In July of last season, Janssen came down with a particularly awful bout of food poisoning, and he probably came back too quickly. And looking at the mid-season splits, there’s a case to be made that it was the (negative) turning point for the rest of Janssen’s season. Let’s compare:

1st half: 22 IP, 1.23 ERA, 0 HR, 14 Ks, 1 BB, .218 wOBA against
2nd half: 23.2 IP, 6.46 ERA, 6 HR, 14 Ks, 6 BBs, .378 wOBA against

In the first half, Janssen made opposing hitters look like Austin Kearns. In the second half, they all looked like Yasiel Puig. His numbers did take a nosedive in July when he was sick, but got worse in August when one would have expected him to be feeling better (or put on the DL to recuperate). It’s impossible for anyone to really know how he was feeling, and if food poisoning actually was the main cause of Janssen’s second-half struggles. But, his velocity didn’t change from the first half to the second half, and his strikeout rate remained about the same. The uptick in walks and home runs in the second half are troubling, but maybe first-half Janssen was a fluke based on a year over year decrease in velocity (lost about .8 MPH on his fastball from 2013 to 2014)  and a decrease in strikeouts. For comparisons sake, here is an unnamed reliever’s 1st and 2nd half splits in 2014:

1st half: 37 IP, .97 ERA, 1 HR, 36 Ks, 11 BBs, .208 wOBA against
2nd half: 25 IP, 6.48 ERA, 3 HR, 23 Ks, 8 BBs, .375 wOBA against

This reliever? Rafael Soriano. There wasn’t an injury narrative to fault for his falling off a cliff bad second half, but he stunk nonetheless. Screwy things can happen in small samples, which is why we try to avoid over-analyzing them. Janssen may have just had impeccable timing, and his new true talent level as a command relief pitcher is that of a 4.00 ERA. But unlike with Soriano, there is a realistic narrative for Janssen that fits the timeline of his struggles. Here’s another 1st half/2nd half comparison

1st half:

2nd half:

While his K rate was basically the same from the first half the second half, these charts show that his whiff rates weren’t. Janssen had much more success both down and up in the zone earlier in the season in terms of swings and misses, so while his velocity was the same between the first half and second half, it appears that his stuff wasn’t.

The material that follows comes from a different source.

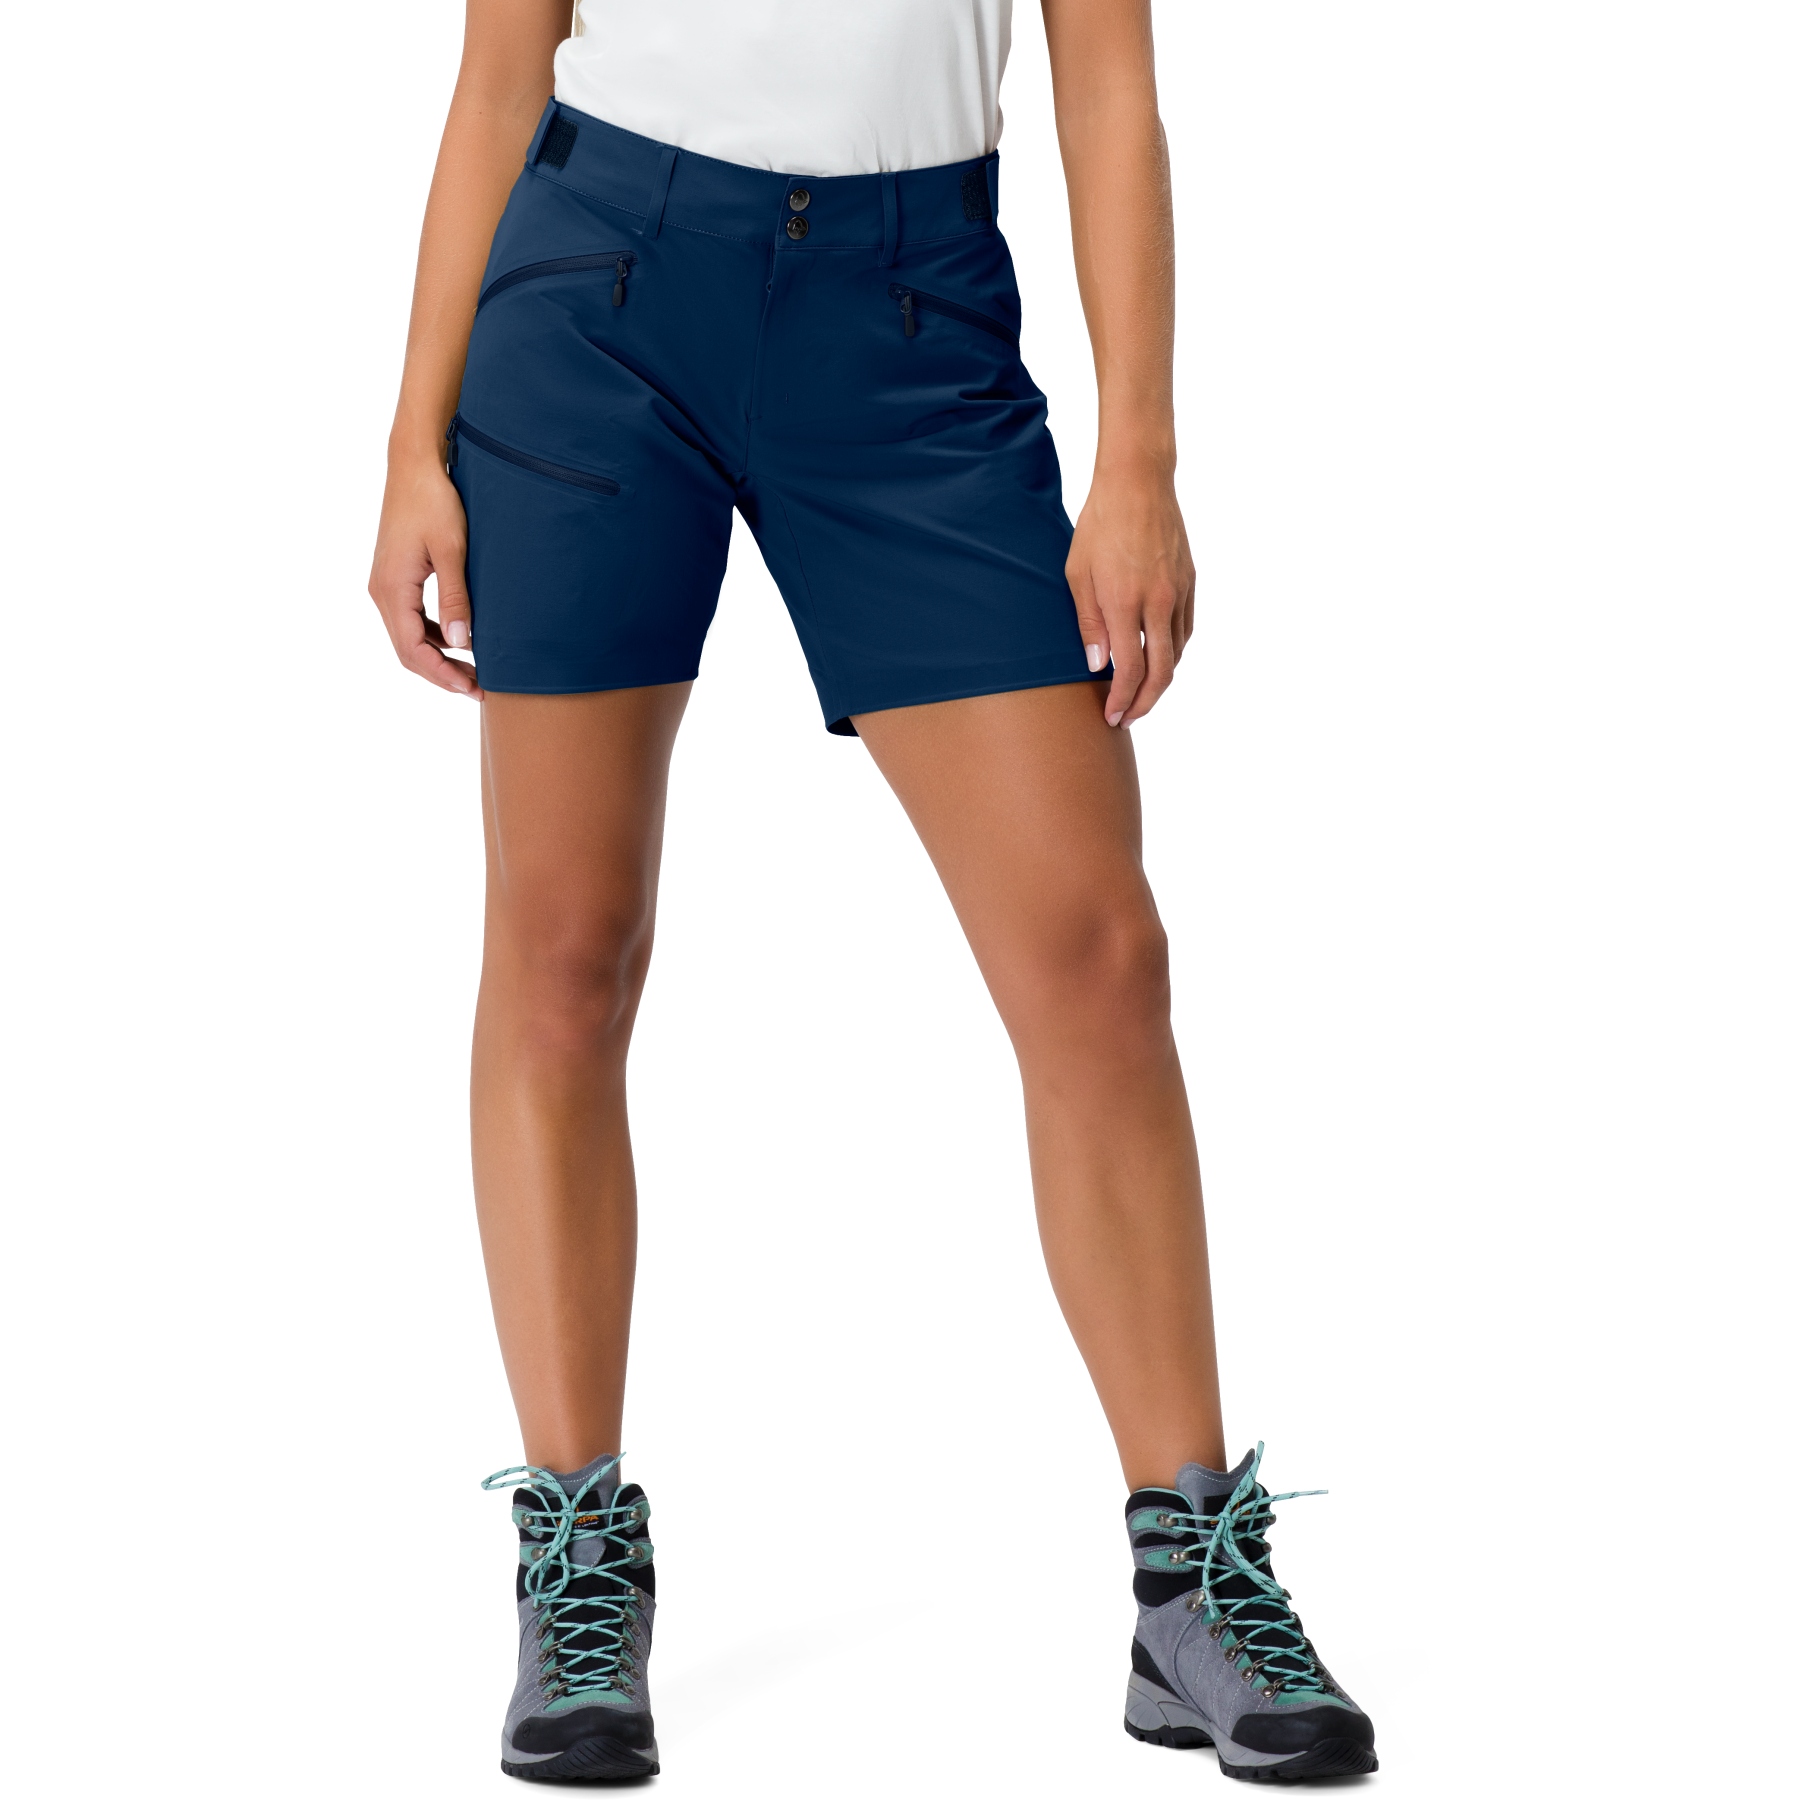 Produktbild von Norrona falketind flex1 Damen Shorts - Indigo Night

Again, in such small samples, it’s impossible to draw any definitive conclusions. It’s true that first-half Janssen looked pretty similar to 2011-2013 Casey Janssen, while second-half Janssen looked more like Brian Bruney. It’s reasonable to look at the splits and say that Janssen’s bout with food poisoning ruined what looked to be a promising season. It’s also reasonable to look at his decrease in velocity and strikeout rate and think this was money not well spent. But for a paltry (in the context of the MLB) five million dollars, it’s not that much money anyways, so why the hell not?